Раз Зиммт, эксперт по Ирану из Института исследований национальной безопасности (INSS) и Центра иранских исследований «Альянс» Тель-Авивского университета, полагает, что «все еще существует страх перед гражданской войной, перед превращением Ирана в Сирию. Он никуда не делся, хотя есть солидарность и с курдами, и с белуджами».
По словам Тамар Элем Гиндин, эксперта по Ирану Центра изучения Ирана и стран Персидского залива им. Меира Эзри при Хайфском университете и руководителя онлайн-школы по персидскому языку, раньше она тоже считала, что отсутствие восстания связано с наличием страха перед расколом Ирана. Но теперь ситуация складывается таким образом, что «погибшая М.Амини была курдкой; согласно поступающим сообщениям, была изнасилована девушка белуджи; в Ардебиле убита девушка азербайджанка. Таким образом, протест получается не одной этнической группы», по ее мнению – «это очень важно».
По мнению Ури Голдберга, эксперта по изучению современного Ирана и революционных движений в шиитском мире из Университета Райхмана, «в целом отношение к Исламской Республике характеризуется отсутствием симпатии, а иногда и откровенной ненавистью, но и по отношению к меньшинствам есть чувство злости. Считается, что они поступают с иранцами так, как иранцы поступали с ними. То есть об Исламской Республике, какой бы коррумпированной и угнетающей народ она не была, ее нельзя назвать иностранным агентом». «Они [правящий режим] могут быть грязью, но они наша грязь. И это показательно», – считает эксперт. «В то же время, чем дольше будет продолжаться нынешняя ситуация, эта революция, тем скорее протест превратится в новую норму, и поэтому режиму будет труднее уйти — или действовать жестко до полного подавления». Он видит проблему в том, что четкие требования не выдвигаются, а режим со своей стороны не совсем понимает, как действовать в такой ситуации. Тем самым он попадает в ловушку, потому что протестующие играют на его поле, и никто не может сомневаться в их приверженности Ирану, в их патриотизме.

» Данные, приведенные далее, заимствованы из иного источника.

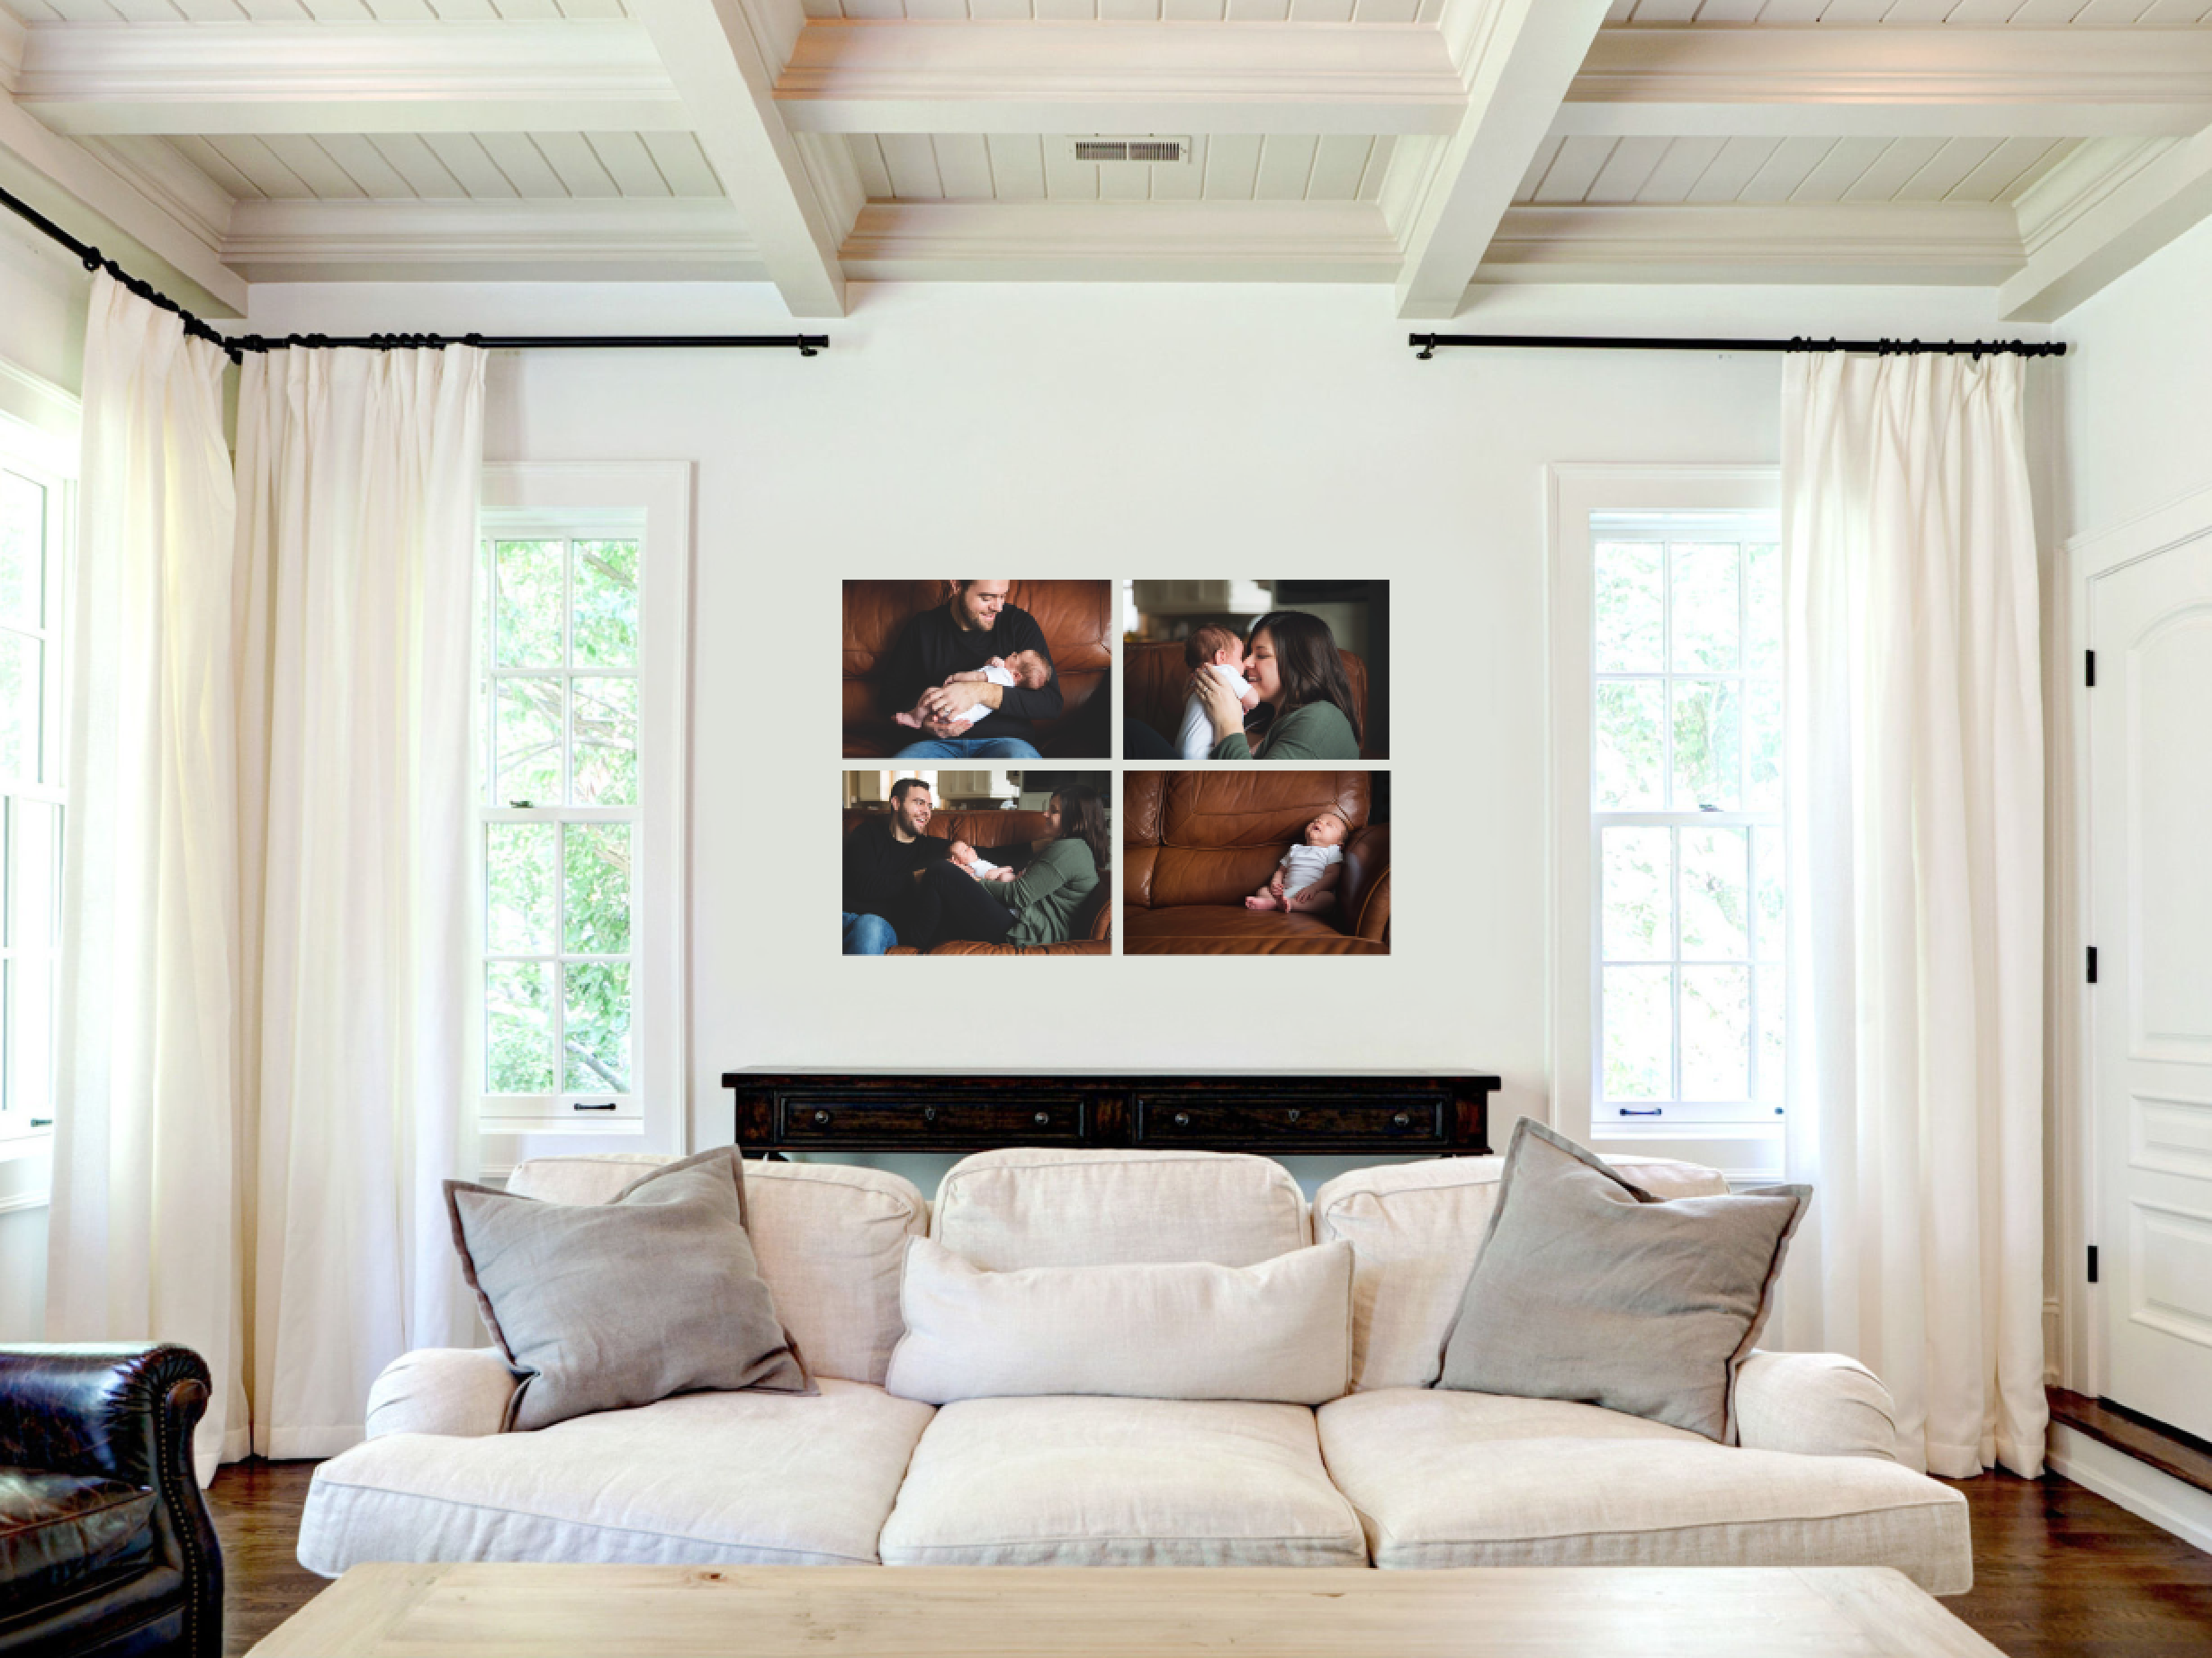 Wall-Collection-Art-Portraits-Products-Albums-Photography-Heirlooms-Session-Lifestyle-Wedding-Photographer-Hamilton-Burlington-Oakville-Toronto-Niagara-Moments-by-Lauren-Sample-Image-Photo18

У.Голдберг не уверен, что «на данный момент миллионы людей на улицах — это то, что необходимо для осуществления перемен». На его взгляд, «иранское коллективное сознание не хочет присоединяться к революционному движению, оно хочет идти с тем, кто сумеет представить себя как вариант по умолчанию. С истечением времени протестующие будут приближаться к такому статусу. Чем больше проходит времени, тем больше будет понижаться статус Исламской республики, которая, как и всякая хорошая диктатура, стремится представить себя по умолчанию».
Р.Зиммт на это отметил, что «в конце концов, наступает определенный момент, когда необходимо создать альтернативу… Режим и КСИР не придут однажды утром и не скажут: «Ну, вы нас убедили, мы потеряли нашу легитимность»».
У.Голдберг допустил, что «если КСИР загнать в угол, они действительно отреагируют насилием», что можно будет отнести в разряд ошибок режима.
Э.Гиндин ко множеству таких ошибок относит «проникновение в университетские общежития или проведение превентивных арестов». По ее словам, «это относительно стабильная революция, но каждый раз возникает новая вспышка — например, когда убивают красивых девушек, которые были тиктокершами и пользователями Instagram. Это не черно-белые фотографии в газете, это девушки, у которых было много подписчиков. Поэтому власти выдумывают истории, которые только усугубляют проблему: у этой были проблемы с сердцем (сообщалось, что у М.Амини с 12 лет было больное сердце), а та упала с большой высоты, другая покончила жизнь самоубийством, а еще у одной был геморрой».
Израильские эксперты отмечают, что нынешние протестные акции, при всей их уникальности, во многом продолжают череду протестов, сотрясавших ИРИ в последнее десятилетие. Все чаще в последние пять лет триггерами волнений становятся то права женщин, то цены на продукты питания или топливо, то нехватка воды.
По словам Р.Зиммта, «иранское общество и режим развиваются в противоположных направлениях: с одной стороны, светские тенденции с требованием политической открытости и незначительным соблюдением исламского дресс-кода, а с другой — режим, который замыкается и становится все более и более авторитарным». Эксперт подметил, что «всегда смеялся над исследователями арабского мира, которые заранее знают кто в какой стране одержит победу. В иранских исследованиях такого не было. Однако на этот раз впервые было ясно, что победит [президент Эбрахим] Раиси. С другой стороны, иранский режим может попасть в ловушку – выполнив требования, он откроет лазейку для других».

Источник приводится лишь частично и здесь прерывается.